# Limit question

This isn't really homework for a class, but i figured this would be the most appropriate place for this question:
What would this quantity be?
$$\lim_{t \rightarrow \infty} e^{-i \alpha |x - t|} \cdot (|x -t| - 1) - \lim_{t \rightarrow - \infty} e^{-i \alpha |x - t|} \cdot (|x -t| - 1) = ?$$

It looks to me like it is just zero, but I was hoping it would be:
$$\frac{2e^{-i \alpha x}}{1 + \alpha^2}$$

where $$\alpha$$ is a real number, since this was the last step in proving that
$$f(t) = e^{-i \alpha t}$$

is an eigenfunction of the kernel:
$$K(x,t) = e^{-i \alpha |x - t|}$$

with an eigenvalue:
$$\lambda = \frac{2}{1 + \alpha^2}$$

Perhaps I solved my integral wrong or made a mistake somewhere.

AKG
Homework Helper
The quantity looks to be undefined.
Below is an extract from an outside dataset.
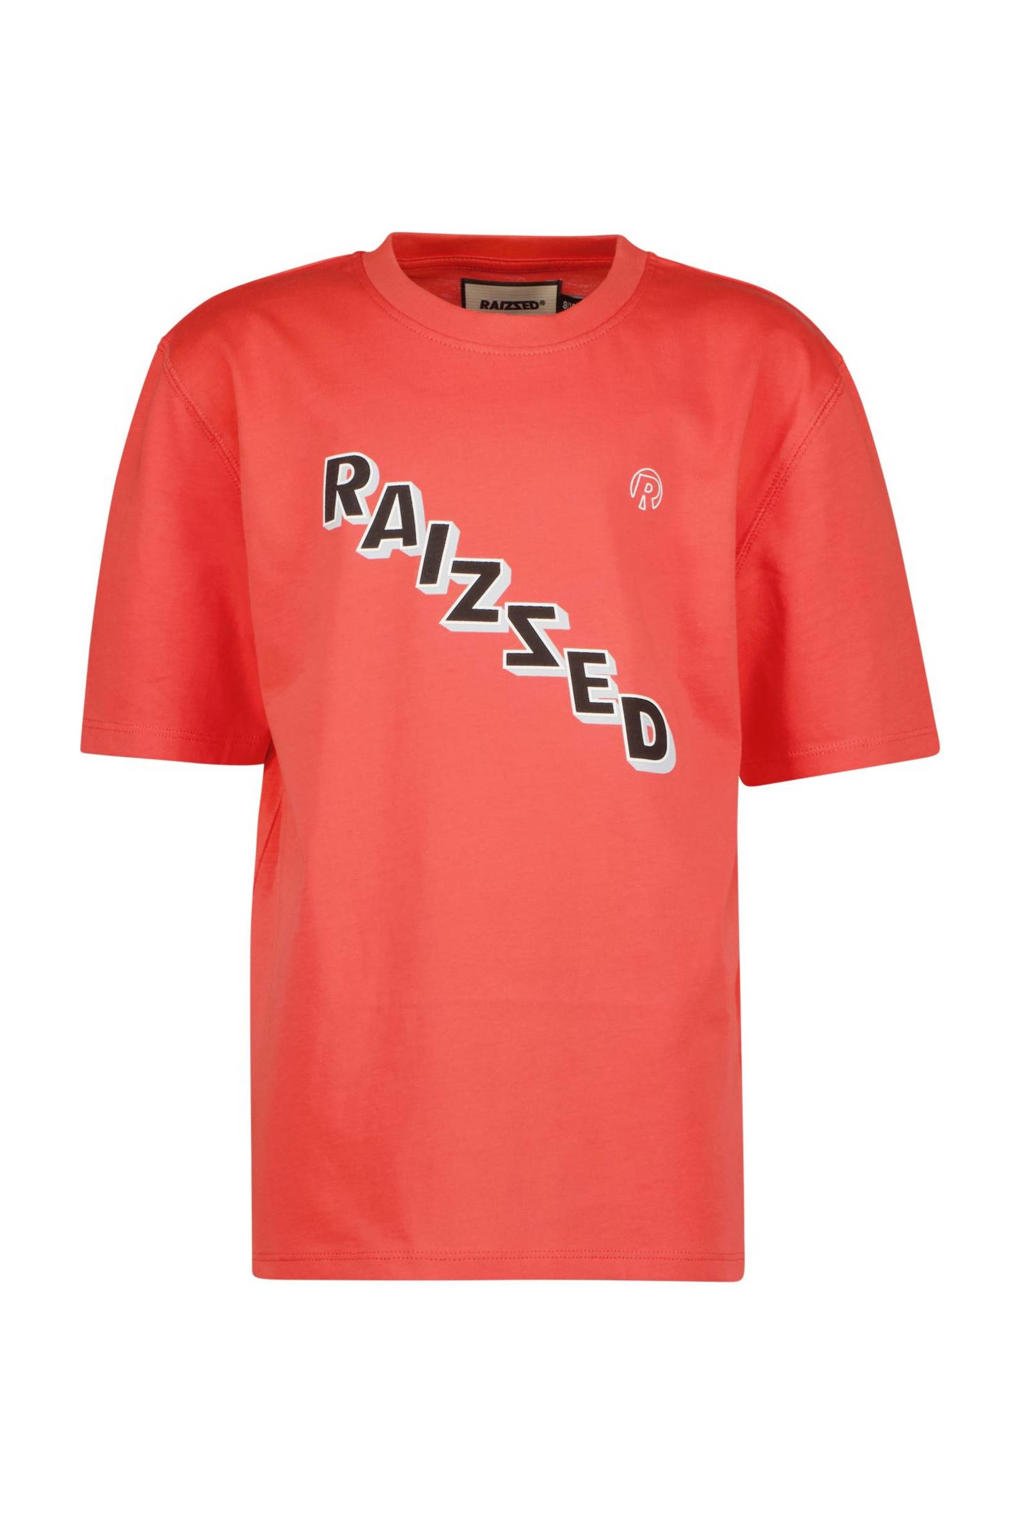 Rode jongens Raizzed T-shirt Stanton met logo dessin, korte mouwen en ronde hals

It looks to be of the form Y - Z, where Y and Z are themselves undefined, so clearly their difference is undefined. Each of the limits are themselves undefined because they are the limits of products of two functions, one of which is period, the other which goes to infinity.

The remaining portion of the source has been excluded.